O estudo que integrou o doutorado de Sabrina foi motivado pela confirmação de epizootias (morte ou adoecimento de primatas não humanos) na região dos municípios de Santa Rosa de Lima, Rio Fortuna, Braço do Norte, São Martinho e Pedras Grandes, no ciclo da doença ocorrido em fevereiro de 2021. “Sempre que ocorrem mortes de macacos nas áreas de mata, é feita toda uma investigação e, nesses pontos, foi identificada a circulação do vírus da febre amarela.
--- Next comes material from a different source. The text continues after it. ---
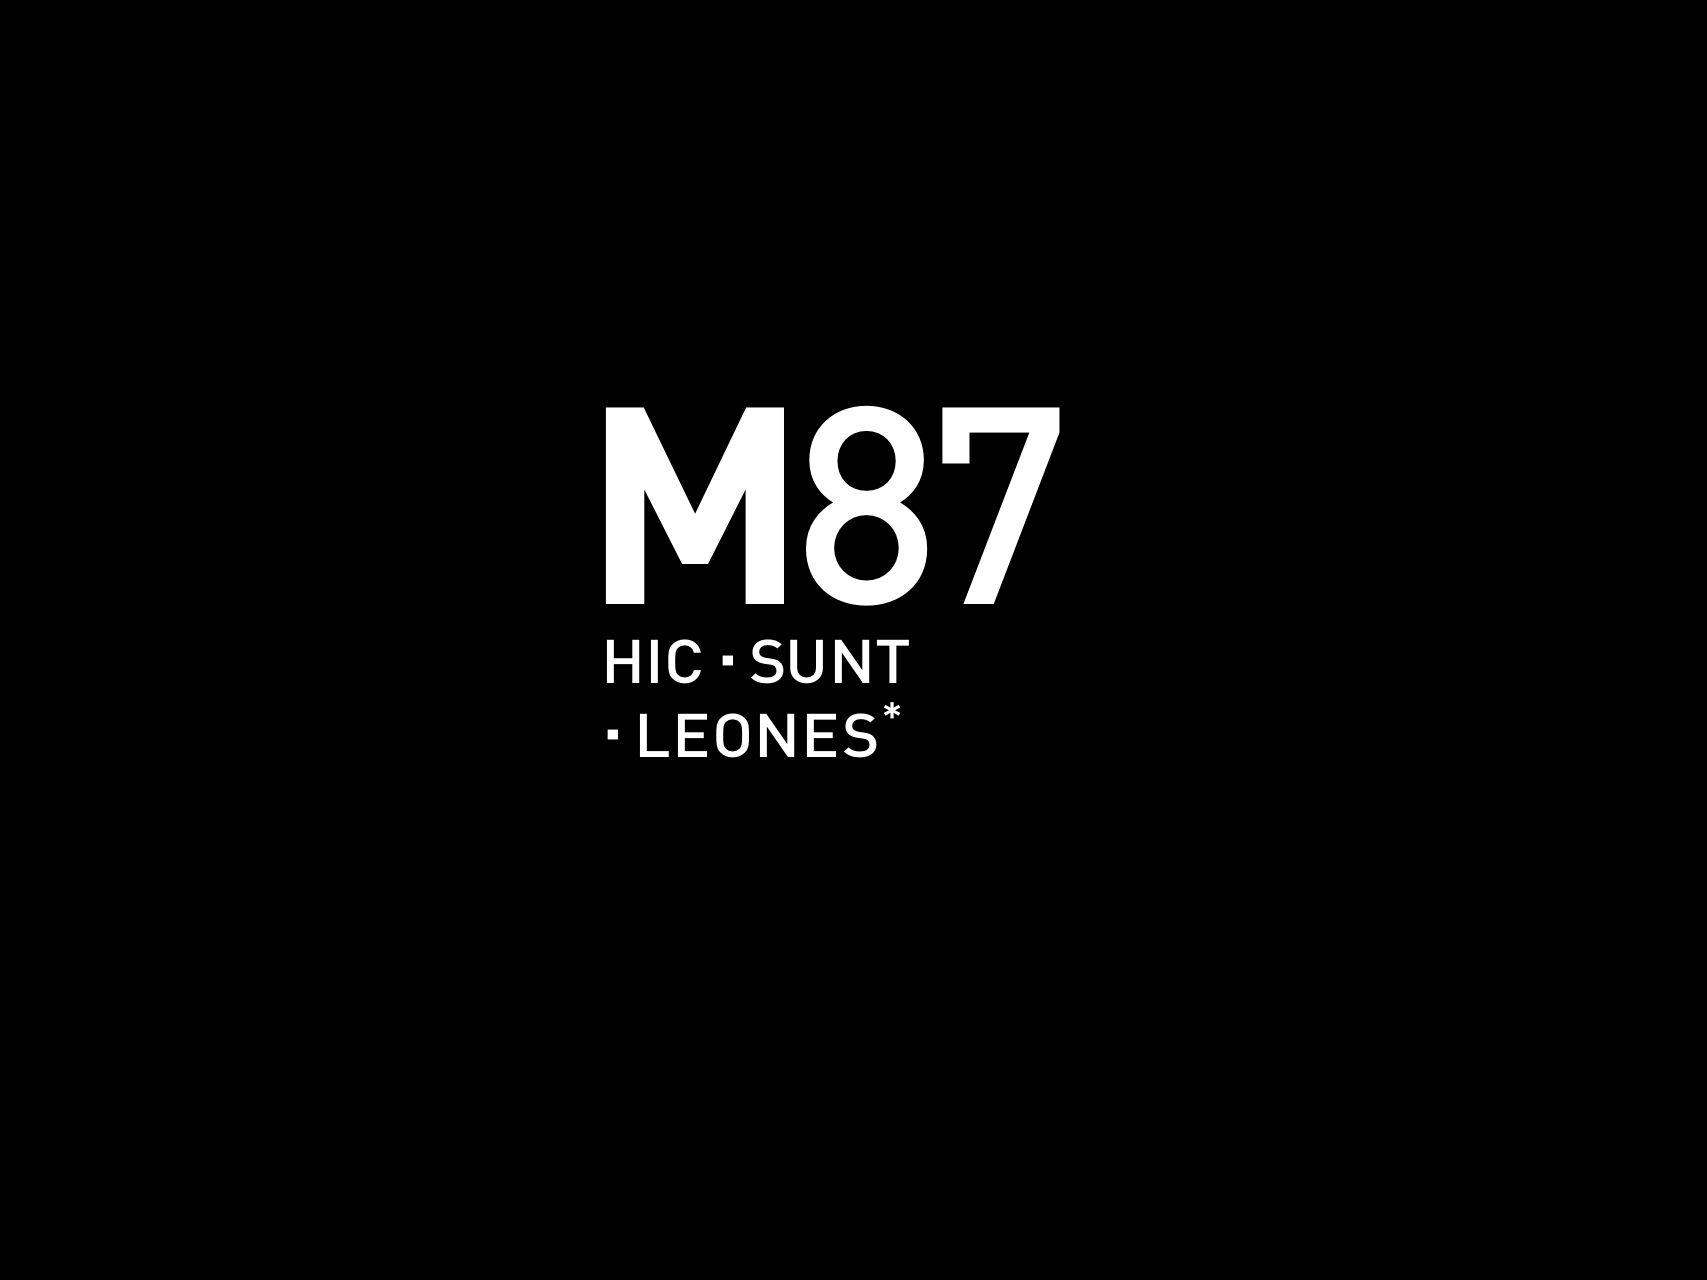 M87 HIC SUNT LEONES

Com essa confirmação, pensamos em fazer a captura dos mosquitos nessas áreas, para ter a certeza de que mosquitos estavam atuando na transmissão”, explica a bióloga, que é servidora da Diretoria de Vigilância Epidemiológica da Secretaria de Estado da Saúde.
O mosquito
O Haemagogus leucocelaenus é um mosquito pequeno de hábitos diurnos, que tem seu criadouro em partes ocas de troncos de árvores (característica chamada de acrodendrofilia). Como a maior parte dos mosquitos, ele prefere ambientes quentes e úmidos. Para o estudo que identificou a ocorrência da espécie em Santa Catarina, a equipe liderada por Sabrina realizou coletas em áreas de mata, em janeiro e fevereiro de 2023, capturando mais de 4 mil mosquitos. As análises, feitas em parceria com a Fiocruz, no Rio de Janeiro, encontraram 91 espécimes do gênero Haemagogus leucocelaenus. Destes, contudo, 22 apresentavam diferenças morfológicas que os deixavam semelhantes ao Haemagogus leucophoebus, espécie de mosquito só identificada no Acre. Porém, após análise morfológica e molecular, os pesquisadores confirmaram que todos os exemplares capturados em Santa Catarina eram do Haemagogus leucocelaenus.
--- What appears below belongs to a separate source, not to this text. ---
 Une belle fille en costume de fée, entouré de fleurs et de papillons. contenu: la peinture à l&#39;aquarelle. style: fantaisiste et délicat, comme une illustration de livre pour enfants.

Sabrina reforça que a presença do vetor de transmissão significa existência de risco real para a circulação do vírus. No caso da febre amarela, a vacinação das pessoas que vivem em áreas rurais é crucial. “As comunidades rurais vivem nas áreas que chamamos de ‘borda de mata’, onde os mosquitos podem chegar para se alimentar, picar o primata humano. Por isso a vacinação é tão importante”, esclarece.
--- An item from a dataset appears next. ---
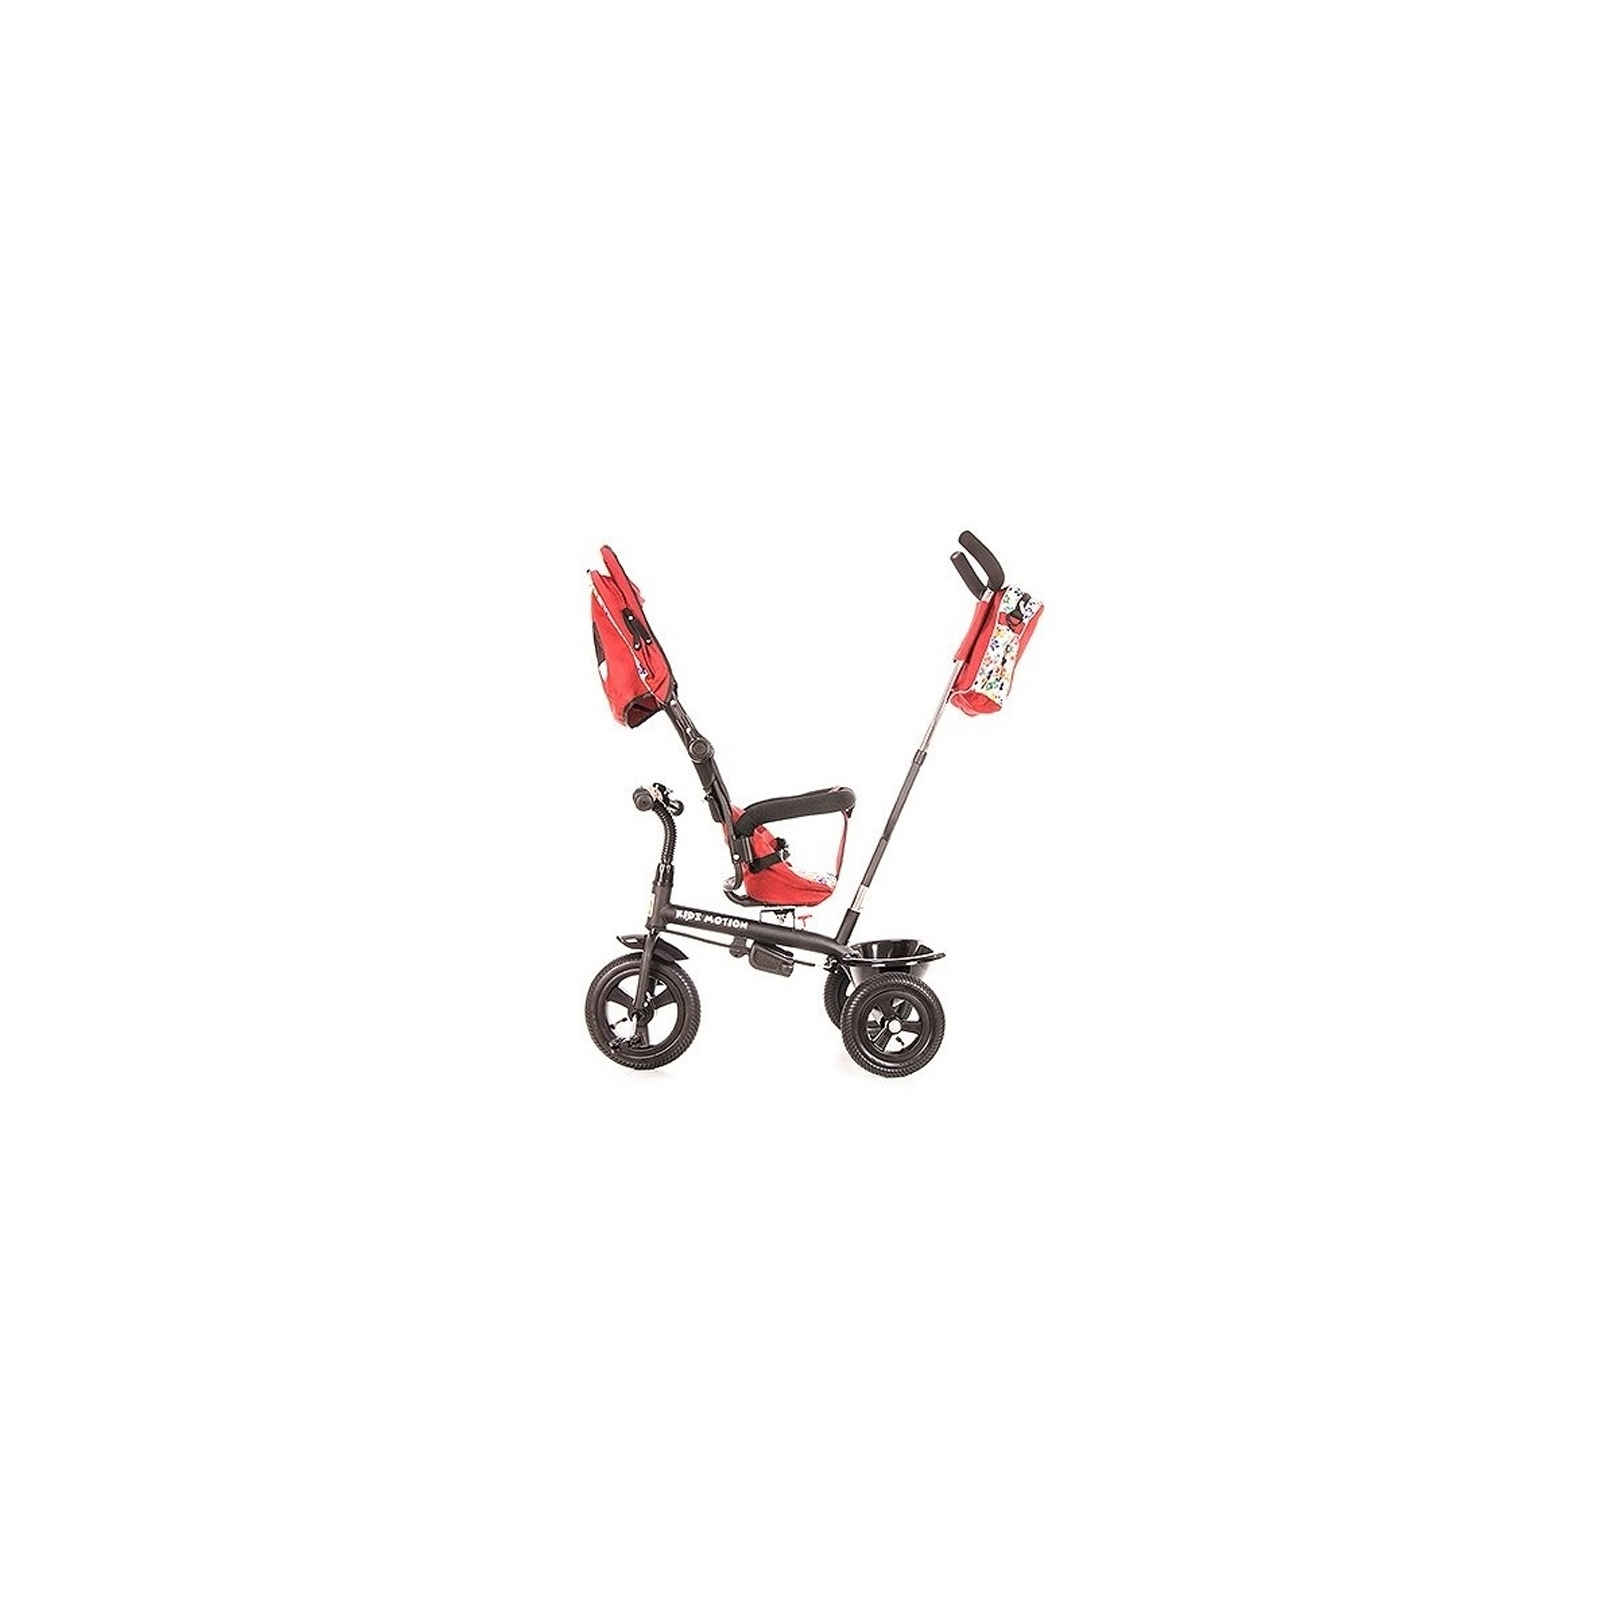 Детский велосипед KidzMotion Tobi Venture RED (115002/red) изображение 3

As mudanças climáticas, com ocorrência de precipitações e ondas de calor mais intensas, também podem favorecer o surgimento de novos ciclos da febre amarela. “Tem muitos estudos, inclusive, que correlacionam a ocorrência de epidemias a condições climáticas propícias. Então, se o mosquito gosta de altas temperaturas e de umidade, certamente a mudança climática favorece a proliferação deles e também das doenças que eles transmitem”, ressalta a bióloga. Para além da vacinação, é importante tomar medidas preventivas como uso de repelentes, em especial nas áreas próximas a florestas.
Publicação internacional
A identificação do mosquito transmissor da febre amarela em Santa Catarina resultou na publicação do artigo Expanded range of Haemagogys leucocelaenus in yellow fever hotspots: new findings from Santa Catarina State, southern Brasil. O material saiu na revista Memórias do Instituto Oswaldo Cruz e também pode ser acessado na National Library of Medicine, a maior biblioteca médica do mundo. O artigo é assinado por Sabrina e outros cinco pesquisadores, entre eles a professora Luísa Damasio Rona Pitaluga, da UFSC.